Por: Héctor Abad Faciolince
Casi todo el mundo cree que es la política —los gobiernos, los presidentes— aquello que cambia el mundo, para bien o para mal.
Es difícil negarlo: Putin invade Crimea y cambia el mapa de Europa; los que hablaban ucraniano hablarán ruso, la moneda no será ya la grivna sino el rublo, y las costumbres tenderán a moldearse más por el estilo de la Rusia imperial que por el de la Unión Europea. Putin, en Crimea, no solo tiene la fuerza de su ejército sino incluso el apoyo de una parte de la población (como cuando Theodore Roosevelt se tomó Panamá), y por las buenas o por las malas anexará ese territorio a la Confederación Rusa.
Pero no vamos tan lejos, miremos lo que pasa en el país vecino. Chavistas y antichavistas están de acuerdo en una sola cosa: en que la revolución bolivariana cambió a Venezuela. Para bien, según los primeros, y para mal, según los últimos, pero muy pocos dudan que las cosas buenas o malas que hoy hay allá se deben a las políticas del gobierno.
Decir, entonces —en un día de elecciones como hoy—, que no importa mucho por quién se vote para el Congreso, porque quienes cambian el mundo no son los políticos, sino los creadores, es proponer una idea contraria al sentido común, e impopular. Y sin embargo sostengo que en el mundo hay pensadores, objetos y creaciones técnicas y culturales que tienen mucho más importancia que la ideología. Lo que hacen biólogos, informáticos, matemáticos, médicos, periodistas, ingenieros, inventores, urbanistas y creadores en general es tan fuerte, que es capaz de arrasar o al menos de arrastrar a todos los políticos.
Antes a tipos como Putin o como Maduro se los podía combatir solamente oponiendo violencia a su violencia, preparando un ejército para combatirlos, un ejército tan poderoso o más poderoso que el de ellos.

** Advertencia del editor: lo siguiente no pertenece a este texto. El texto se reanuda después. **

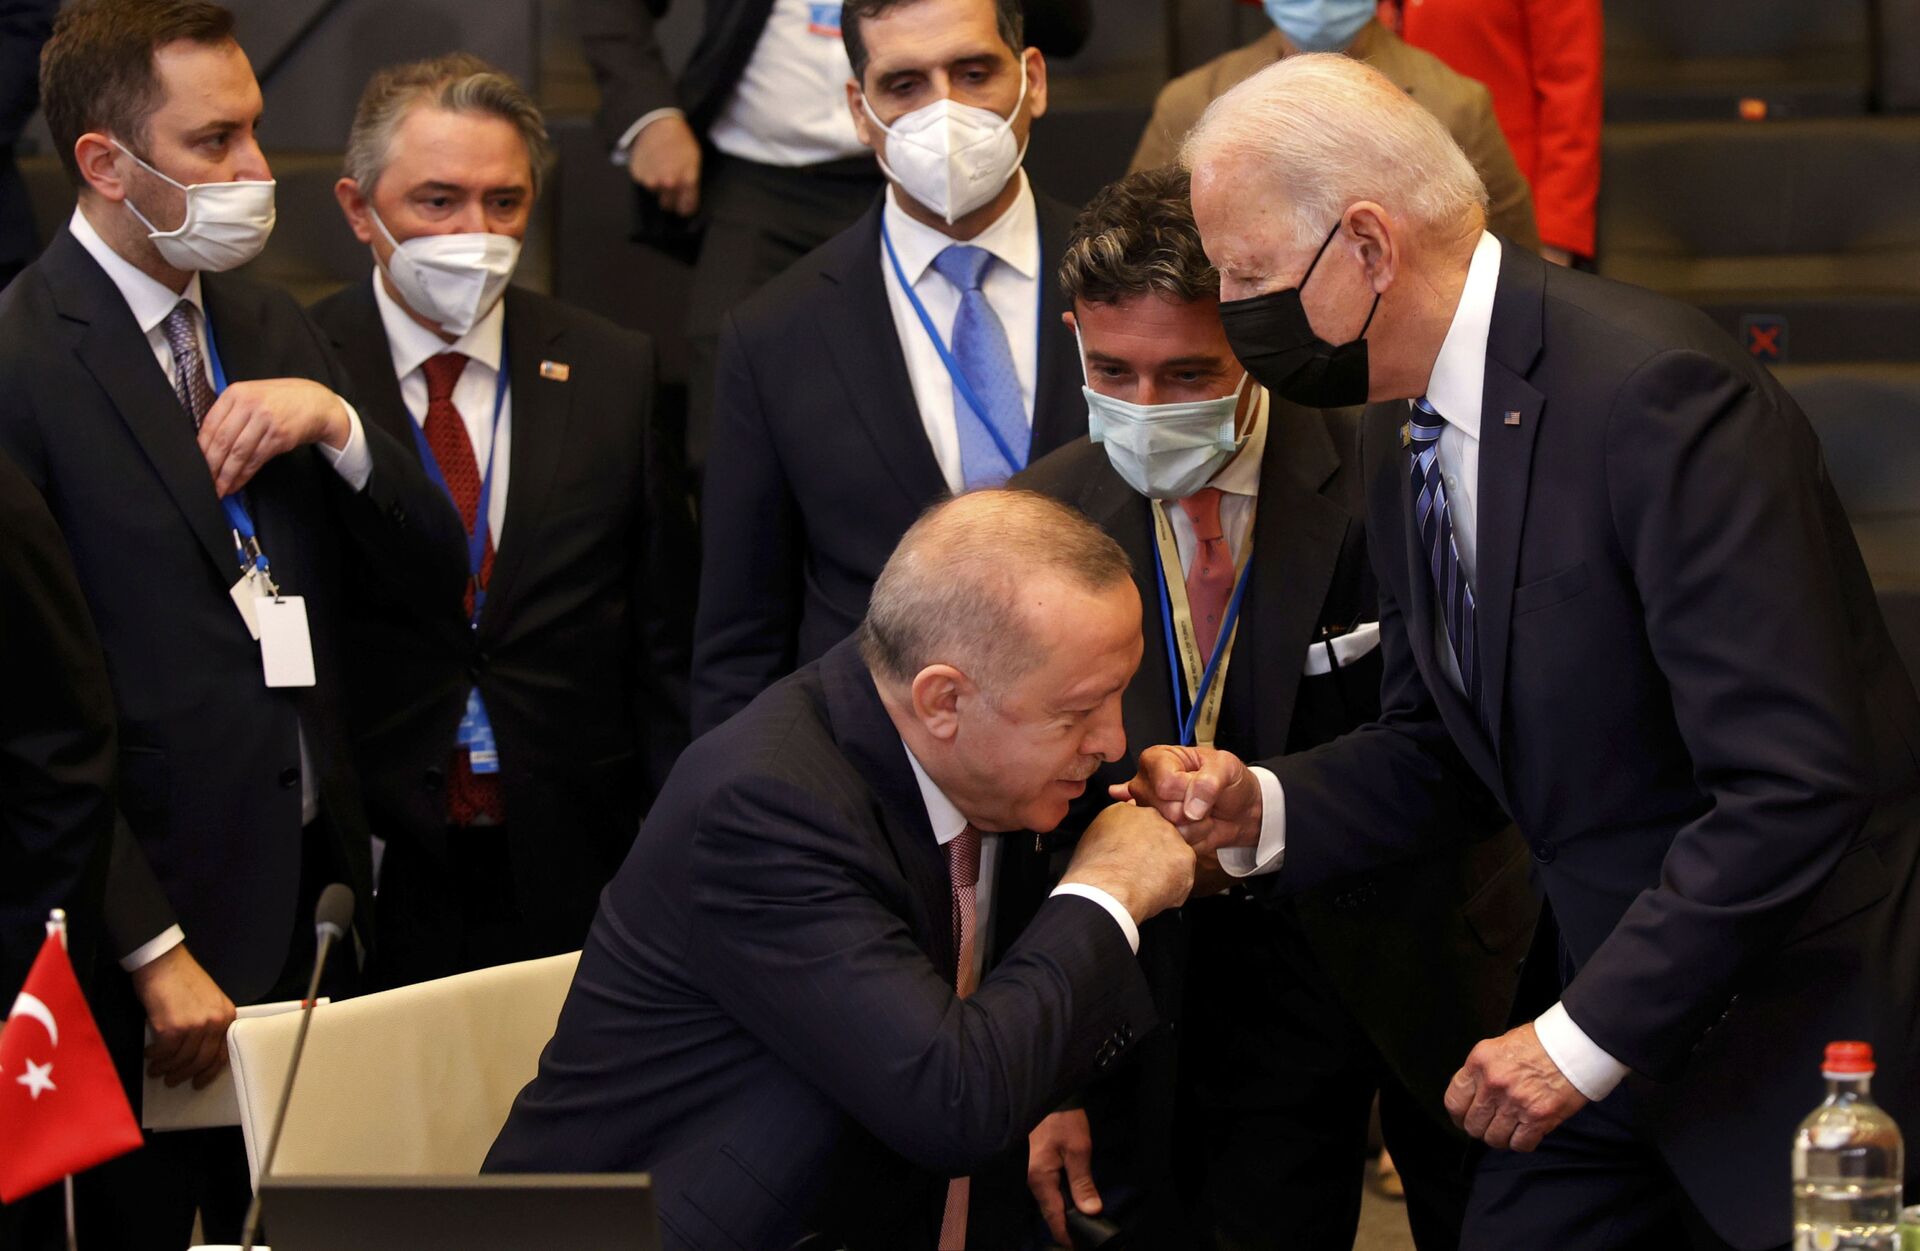 Erdogan acredita que reunião com Biden iniciou 'nova era' nas relações entre EUA e Turquia - Sputnik Brasil, 1920, 21.06.2021

Se hacía la guerra “como una continuación de la política por otros medios”, según la famosa sentencia de von Clausewitz. Pero como señala Frederick Forsyth, a Putin no se lo combate enviando naves de guerra al Mar Negro, sino haciéndole ver a la población de Ucrania —como también empieza a verlo la rusa— que el poderío de su presidente (como el de Chávez o Maduro) está en la suerte de tener un subsuelo rico en gas y petróleo, pero no en la capacidad de crear cosas útiles para su población o para el resto del mundo. ¿Alguien compra carros, aviones, computadores o medicinas rusas? Incluso para vender armas, dice Forsyth, “tienen que regalarlas”. Rusia pierde en el campo de las ideas, es decir, de la creación. Y hoy la guerra se combate con creatividad.
Brasil es grande porque exporta aviones; Islandia y Corea del Sur hacen teléfonos; Internet y Viagra no se inventaron en Cuba sino en Estados Unidos y Gran Bretaña; ni Google ni Wikipedia son rusas; el genoma humano no se descifró ni en Pekín ni en Moscú y sobre células madre se investiga mucho más en Tokio que en Odessa. Chile y Colombia le venden a Venezuela la comida que allá —por trabas del gobierno— no pueden producir. Y así sucesivamente.
En la política no está el poder creativo de las naciones; al contrario, la política puede cercenar la capacidad innovadora de un país, y en ese sentido su capacidad de hacer el mal es mucho más potente que su capacidad de hacer el bien. Destruir es mucho más fácil que construir. Y las cosas no se construyen con ideología barata, sino con educación y libertad, con estímulos al mérito y recompensa al esfuerzo y a la creatividad.
El imperio soviético se derrumbó cuando los obreros y campesinos de un régimen creado supuestamente para favorecer a los obreros y campesinos, vieron que los obreros y campesinos del otro lado de la frontera vivían mejor que ellos. La guerra contra Putin no es con tanques, sino con información. E igual en Venezuela: lo que provocará la caída de Maduro no serán las balas, sino la evidencia de que la gente está viviendo peor que antes: y no solo los ricos, como dicen los chavistas de acá, sino casi toda la población.